At the same time, evacuees set about reconstituting the communities that had only recently been rent apart. They sought to reestablish contact with those they had left behind and to bridge the widening gulf that separated them from their loved ones.
Evacuees sent hurried letters to family and friends informing them of the progress of their journey and in some cases of their departure. Kornei Chukovskii dispatched a telegram to his daughter Lydia, evacuated earlier that summer to Chistopol, from Penza: “Going to Tashkent.” He urged her to join them there. Elena Dobychina wrote to her sister on August 4, “I don’t know if this postcard will reach you…. I am on the train. I am going to Tashkent.”

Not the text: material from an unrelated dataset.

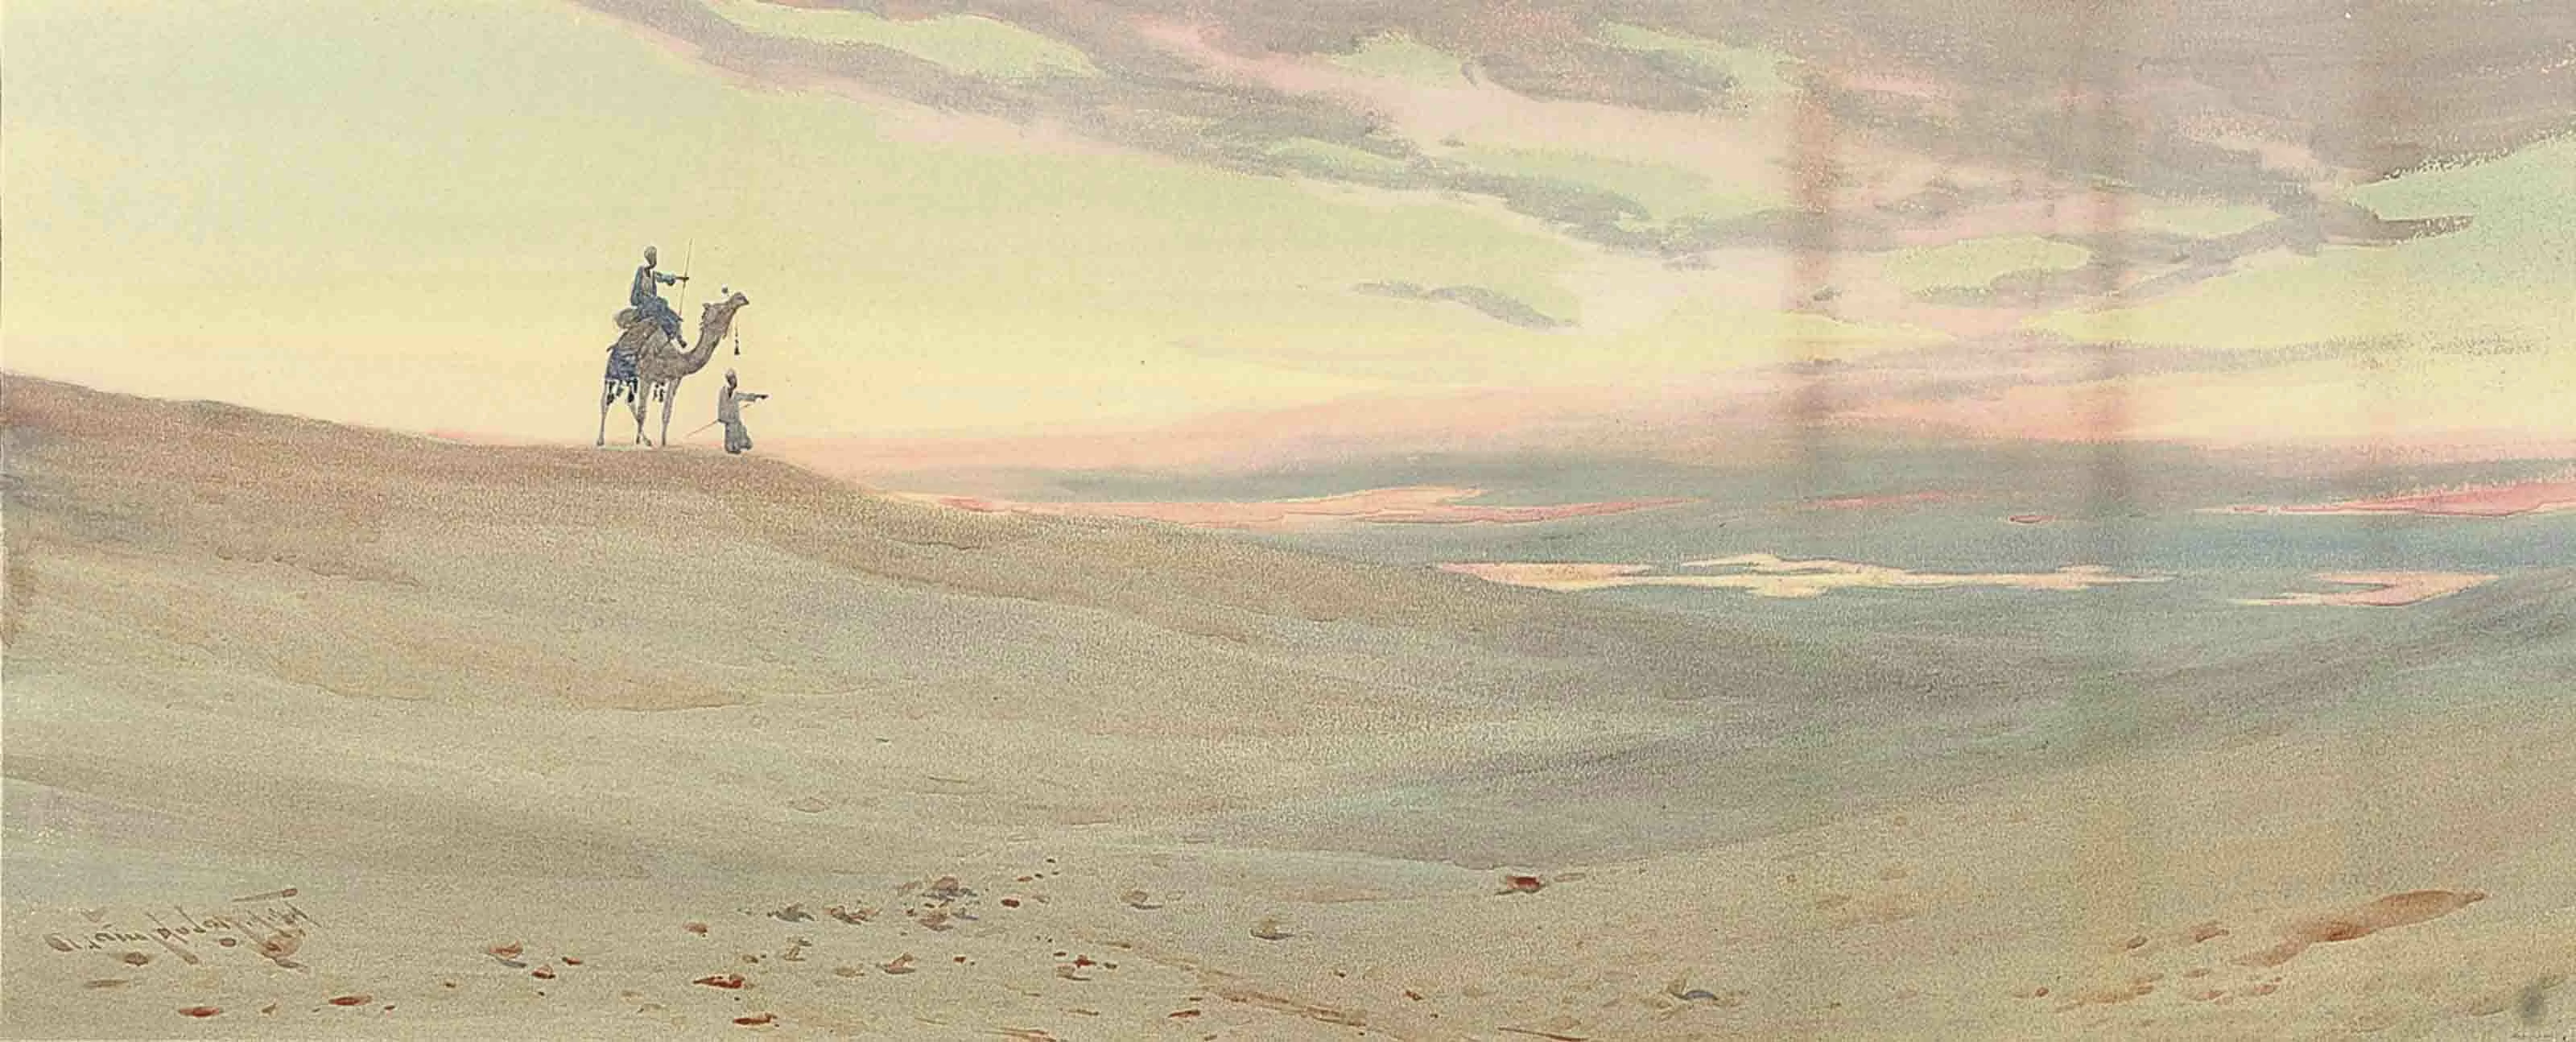 Arabs in the desert at dusk; and A felucca on the Nile, Augustus Osborne Lamplough

The memoirs of Zinaida Stepanishcheva offer a glimpse into the mechanics of such a journey. She had been given a ticket for Penza, but on departure from Moscow, she had joined an unofficial, collectively formed echelon bound for Tashkent. When the group reached Penza, the same enterprising individual asked each of the “Tashkenters” for a bit of money, and secured their passage to Chkalov by bribing the coupler to simply attach their car to the outbound train.
“In Chkalov,” Stepanishcheva recalled: “he did the exact same thing and we were attached to a train that went to Tashkent…. We traveled from Penza to Tashkent without tickets. Everyone had documents from the evacuation center, designating various destinations, but we all went to Tashkent. In the chaos that prevailed in the country, nobody checked either our tickets or our documents.”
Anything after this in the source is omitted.